The building is L-shaped in plan, with the monastery range running on an East-West axis with cross-wings at each end. The structure is now subdivided into eight apartments. The church stands to the south-west on a North-South axis.

The monastery range rises two storeys plus attic and basement, arranged in a 2:9:2 bay pattern on its north face. The end bays form slightly projecting gabled cross-wings. A stone plinth and low stone buttresses support the walls. Doorways and windows have segmental-headed yellow brick dressings and are fitted with four-pane sashes, though some large round-arch doorways with fanlights are modern replacements. The south elevation features a catslide roof between the cross-wings, six gabled dormers, and a bell turret.

The former church is attached at right-angles to the west cross-wing. It is a large timber-clad building with east and west aisles, two-light cusped Gothic windows, and a clerestorey with straight-headed windows. The chancel has a narrower clerestorey and a three-light window in the north gable-end.

The interior of the monastery range is austere, with walls of bare brick or new plaster, and timber floors and cills. Granite staircases at either end have iron balustrades with pitch pine handrails. A pine collar-rafter roof with iron ties spans the building. The church interior contains a seven-bay nave with an inserted swimming pool, jacuzzi and sauna at the chancel end. Narrow aisles and tall pointed-arch arcades, all in timber, flank the nave. The roof is supported on lattice-girder trusses and retains early twentieth-century painted decoration at the chancel end.

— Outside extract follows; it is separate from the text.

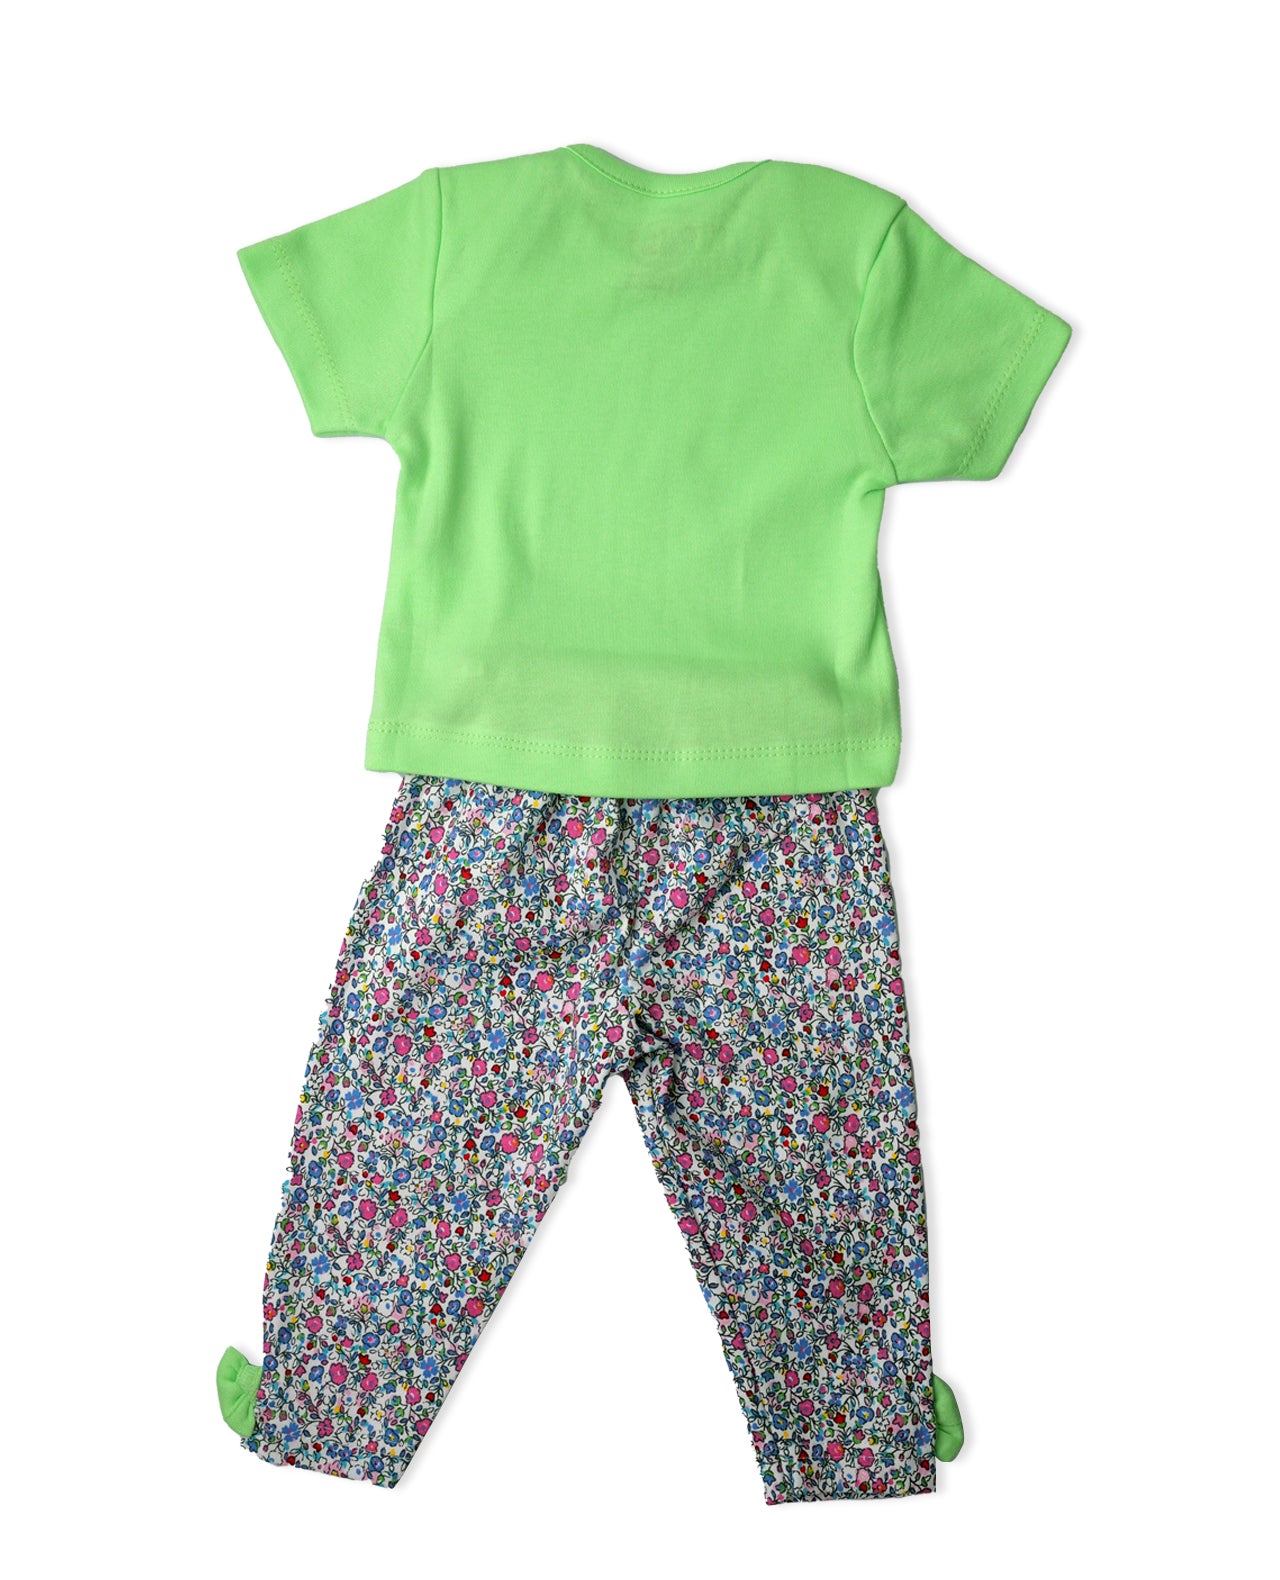 
                  
                    Cotton Baby Girls Printed Long Pant Pyjamas Set
                  
                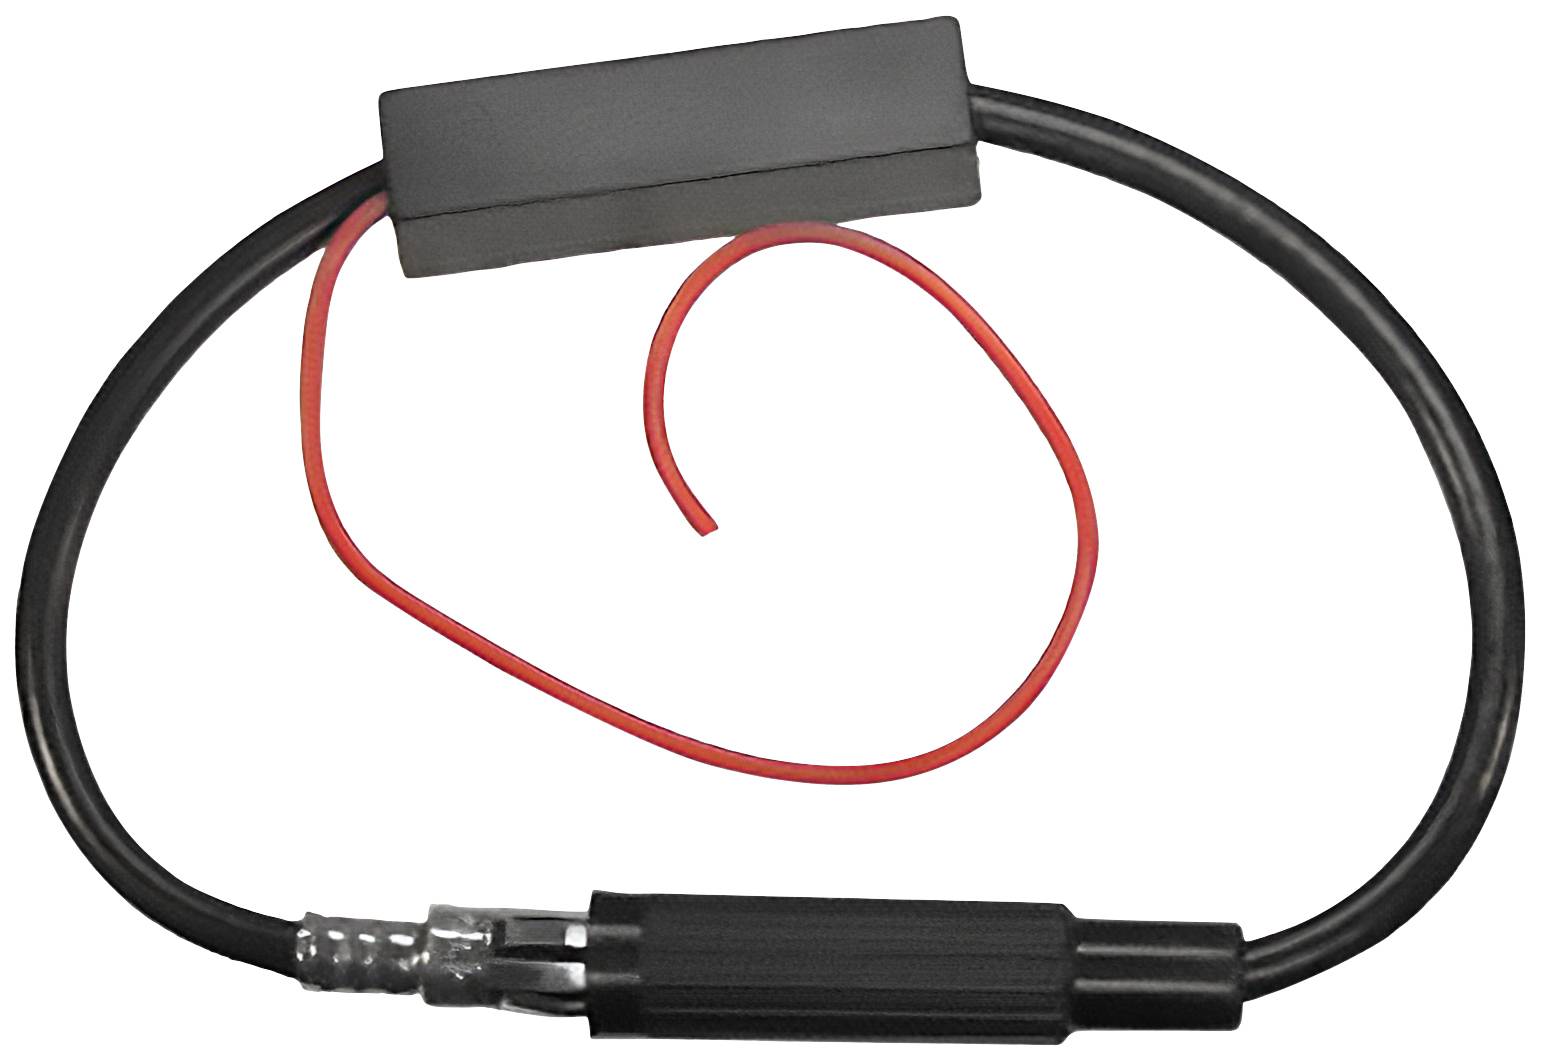 vhbw Antennenadapter von Din (m) auf Doppel-Fakra (m) kompatibel mit Audi,  Seat, VW Fahrzeugen - Antennenverstärker für kaufen

The monastery was built by a Trappist community fleeing anti-Catholic legislation of the French Third Republic. The monks adapted and extended existing buildings on the estate. The pre-fabricated timber church was designed by Dom Mellet and based on the chapter house at Solesmes in France, the community's original home. The church was first built at Appuldurcombe, Isle of Wight, in 1903, then moved to Quarr in 1908 before its final relocation to Woodleigh in 1912.

The architects Scoles and Raymond were prominent practitioners of early twentieth-century Catholic church design. Canon Alexander Joseph Cory Scoles (1844-1920) was the third son of Joseph John Scoles (1798-1863), an influential nineteenth-century Gothic church architect and founding fellow of the Royal Institute of British Architects.

The monastery was vacated in 1914 with the outbreak of World War One. Few monks returned to Wood Barton after 1918, and the community closed in 1921. A period of disuse followed, with possible military occupation during the 1940s. After World War Two, the estate was converted to farming use, and the monastery buildings underwent adaptation accordingly.

The adjacent house to the north, known as Wood Barton Farm and listed separately, retains some sixteenth-century structure and was formerly the family seat of the Fortescue family.